Accounting methods of climate fund questioned


What to study?

  • For Prelims: About GCF and its funding.
  • For Mains: India’s observations on funding pattern, need for review and clarity on the issue.


Context: Indian Finance Ministry has issued a ‘discussion paper’ that has criticised the accounting methods used by developed countries to report how much money they have given, so far, to developing countries to address climate change.



Accounting procedures, regarding the flow of climate finance, has become one of the most controversial issues being debated at Katowice, Poland where countries have gathered to agree upon a ‘Rule Book’ to implement the Paris Agreement of 2015, that commits countries to ensure the earth doesn’t warm 2 degree C beyond pre-industrial levels.

In 2019, developed countries are expected to make available $100 billion annually to developing countries, according to a 2010 agreement in Cancun.


What’s the issue?

In 2016, developed countries published a road map to $100 billion, which claimed that public climate finance levels had reached $41 billion per year in 2013-14. In 2015, India had disputed this figure arguing it was only $ 2.2 billion. The 2017 numbers also tell a similar story. Only around 12% of total pledges to climate funds have actually materialised into disbursements.


What has India pointed out?

  • It argues that the definition of climate finance in the UNFCCC has remained “imprecise and incomplete.”
  • The total pledges to the Green Climate Fund (GCF), the largest multilateral fund, was a “meagre” $10.3 billion. Further, most of the total climate finance has flowed into mitigation (a reference to preventing carbon dioxide from being emitted).
  • The growth in the reported climate specific finance actually slowed down from 24% between 2014 and 2015 to 14% between 2015 and 2016.


About GCF:

The GCF was set up in 2010 under the UNFCCC’s financial mechanism to channel funding from developed countries to developing countries to allow them to mitigate climate change and also adapt to disruptions arising from a changing climate.


How it helps?

The Green Climate Fund will support projects, programmes, policies and other activities in developing country Parties using thematic funding windows.

  • It is intended to be the centrepiece of efforts to raise Climate Finance of $100 billion a year by 2020.
  • The Fund will promote the paradigm shift towards low-emission and climate-resilient development pathways by providing support to developing countries to limit or reduce their greenhouse gas emissions and to adapt to the impacts of climate change, taking into account the needs of those developing countries particularly vulnerable to the adverse effects of climate change.
  • The Fund will strive to maximize the impact of its funding for adaptation and mitigation, and seek a balance between the two, while promoting environmental, social, economic and development co-benefits and taking a gender-sensitive approach.


Who will govern the Fund?

The Fund is governed and supervised by a Board that will have full responsibility for funding decisions and that receives the guidance of the Conference of Parties (COP). The Fund is accountable to, and functions under the guidance of, the COP.

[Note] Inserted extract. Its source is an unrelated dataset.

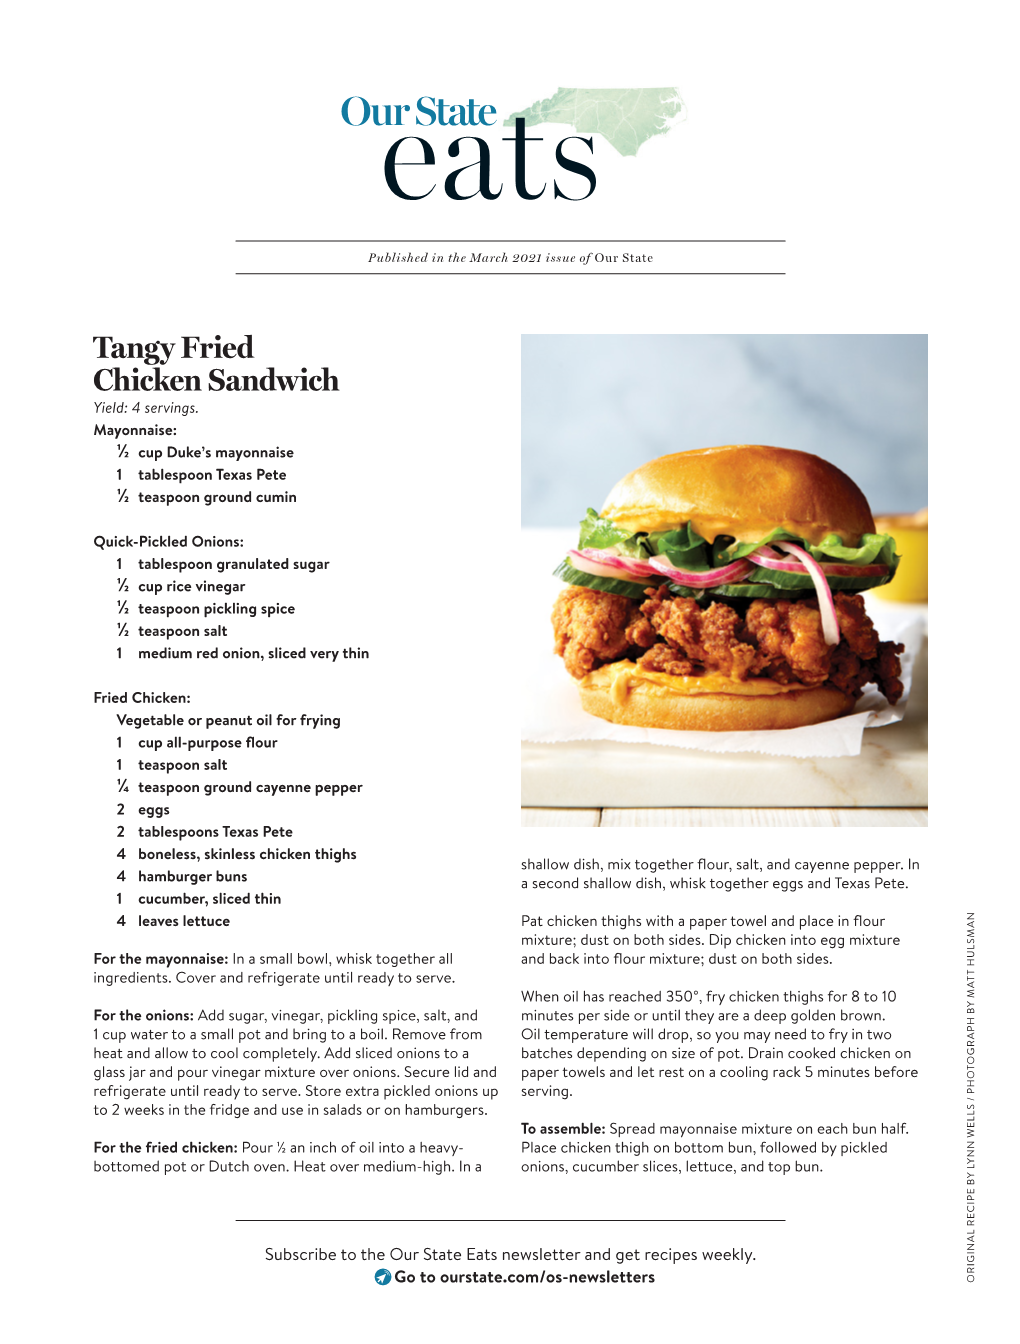 Tangy Fried Chicken Sandwich Yield: 4 Servings
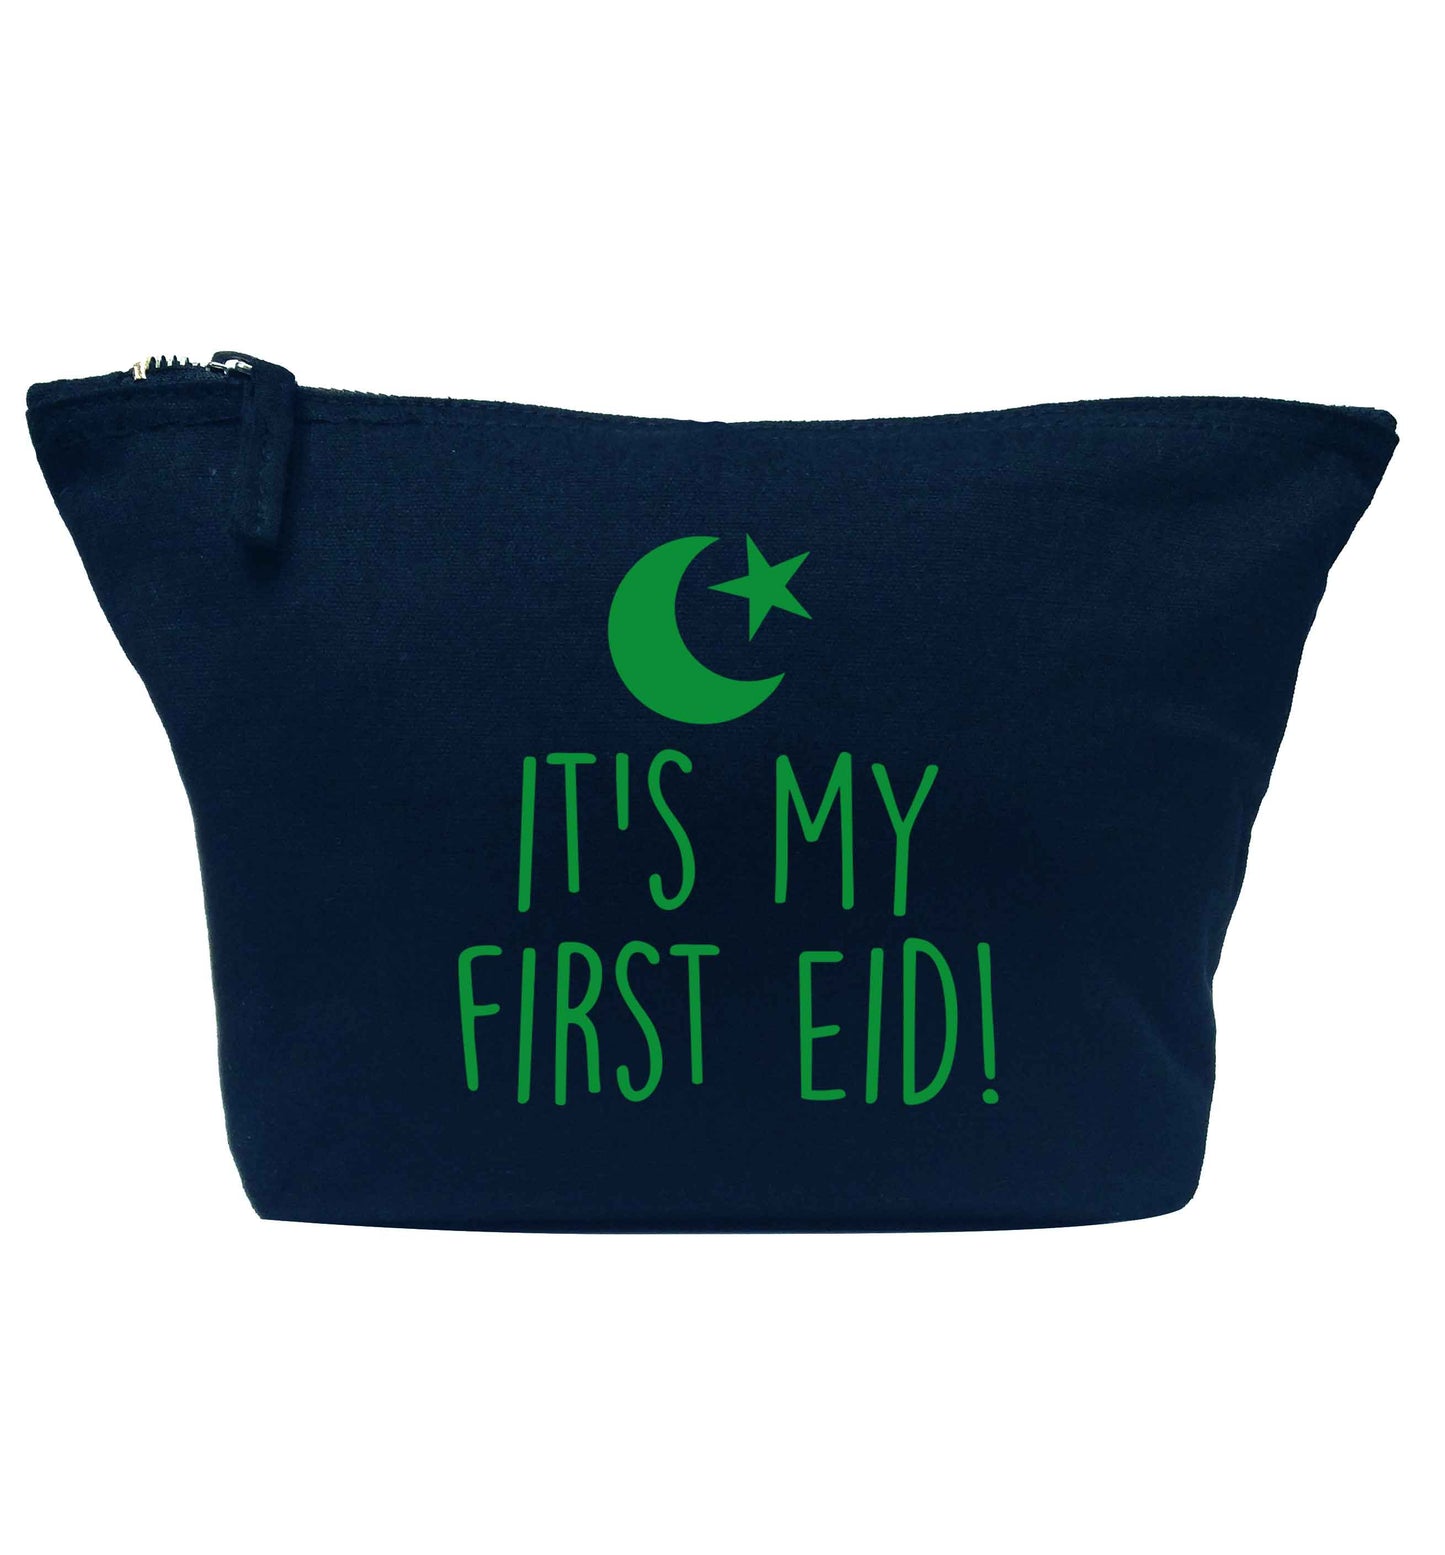 It's my first Eid navy makeup bag

In 2015, India listed a series of specific actions it would take to fight climate change in the Paris Agreement.

The major ones are:

  • It would reduce its emissions intensity (or emissions per unit of GDP) by 33 to 35 per cent by the year 2030 compared to the 2005 baseline.
  • It would ensure that at least 40 per cent of its total electricity in the year 2030 would be generated through renewable sources of energy and that would create between 2.5 to three billion tones of additional carbon sinks through extensive afforestation.

Sources: the hindu.

Mains Question:

1. In the wake of the recent scientific reports on Climate change, it is imperative to finalise the rule book by 2018. Comment.

2. In light of the threats from climate change, building a “greener” finance market for India is necessary. Examine.